La grande coalition entre conservateurs et socio-démocrates débat depuis un an et demi des contours de ce projet qui ne nomme pas le numéro un mondial du secteur mais durcit la règlementation pour être admis sur le marché allemand de la 5G.

Le texte, qui doit encore être avalisé par le parlement, prévoit que les "composants critiques" dans des installations stratégiques, comme celle des télécommunications, ne soient approuvés que "si le fabricant a délivré une déclaration de fiabilité" à l'exploitant de l'infrastructure.
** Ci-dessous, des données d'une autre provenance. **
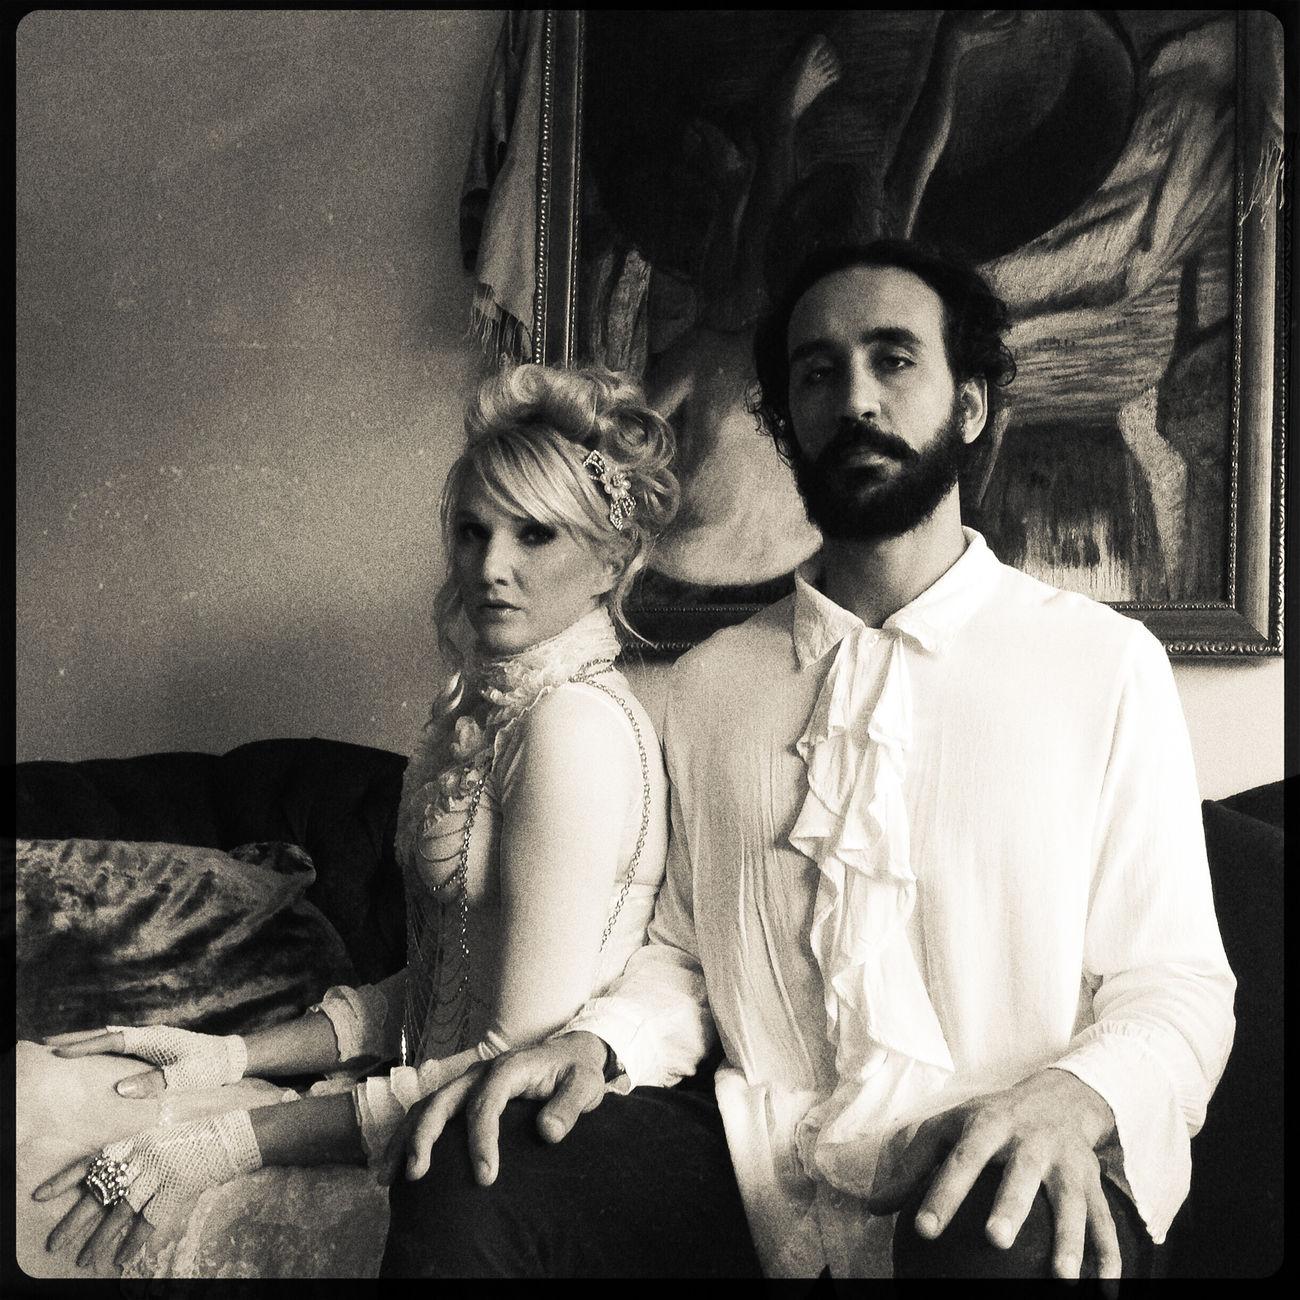 Gothic B&W Portrait Black & White Blackandwhite Couple Fashion Photography IndoorPhotography Indoors  Oddbeauty Portrait Sitting Sofa The Portraitist - 20I6 EyeEm Awards
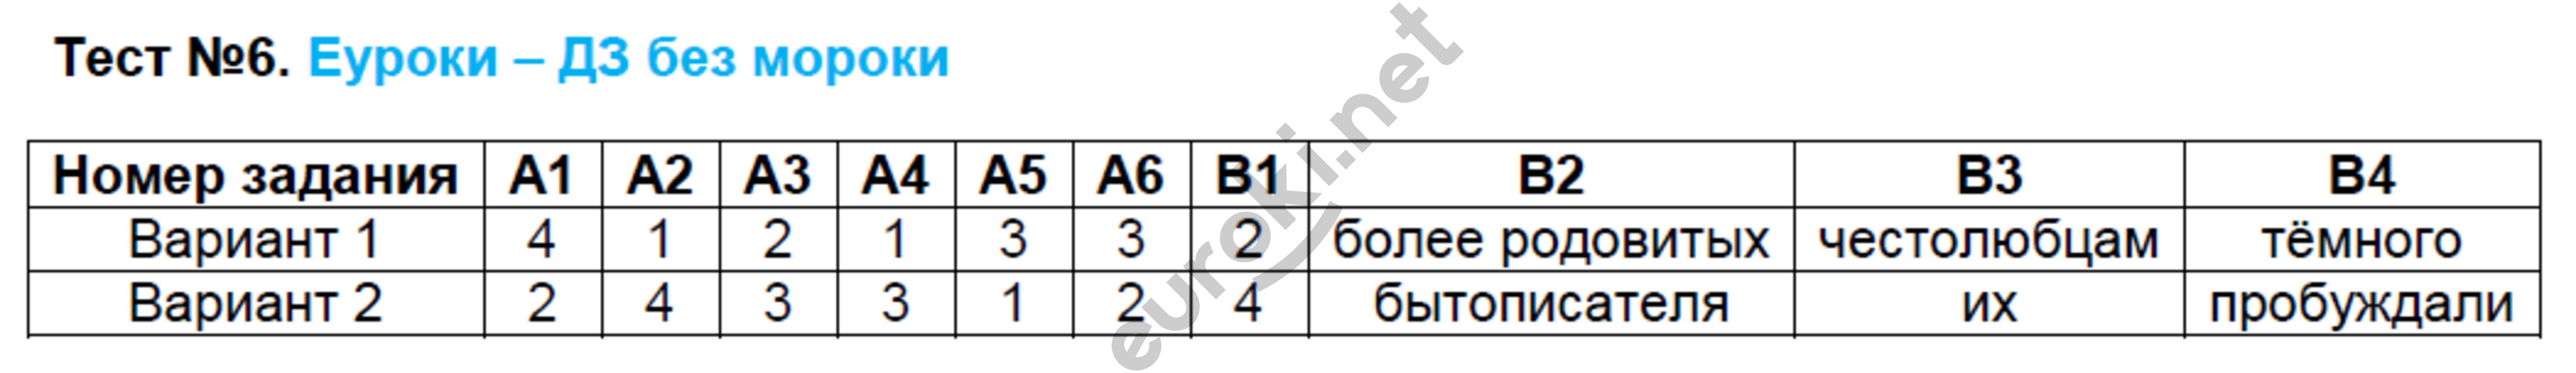 ГДЗ по русскому языку 7 класс контрольно-измерительные материалы Егорова. Задание: Тест 6

Les composants critiques sont d'une importance telle qu'une panne ou une action de sabotage les visant aurait des conséquences dramatiques, explique le ministère allemand de l'Intérieur dans sa présentation du projet.

La "déclaration de garantie" déposée par le fabricant devra prouver que le composant ne "présente pas de propriétés techniques permettant une utilisation inappropriée, en particulier à des fins de sabotage, d'espionnage ou de terrorisme", selon le projet de loi.

Le texte couvre le secteur des télécommunications mais aussi de l'approvisionnement en eau et en énergie, ou encore le secteur de la santé.

Le ministère de l'Intérieur aura à définir les garanties minimales, notamment celles relevant de "questions de sécurité".

Il sera aussi possible d'interdire a posteriori des composant critiques si leur fabricant n'a pas "signalé" les "points faibles ou manipulations connus".

Face à la campagne menée par Washington chez ses alliés pour qu'ils bannissent les équipements 5G de Huawei, arguant de risques en termes de cybersécurité, l'Allemagne s'est distinguée jusqu'ici par son approche prudente, refusant l'idée d'un boycott.

Le texte "ne vise pas de fabricant en particulier mais adopte une approche à 360°", a assuré mercredi un porte-parole du ministère de l'Intérieur.

Les audits techniques sur les composants critiques seront menés, dès la loi promulguée, par l'agence de cybersécurité allemande (BSI), dont les moyens en personnel vont être considérablement renforcés.

Après le Royaume-Uni mi-juillet, la Suède est devenue cet automne le deuxième pays d'Europe, et le premier de l'Union européenne, à explicitement interdire Huawei de la quasi-totalité de l'infrastructure nécessaire pour faire fonctionner son réseau 5G.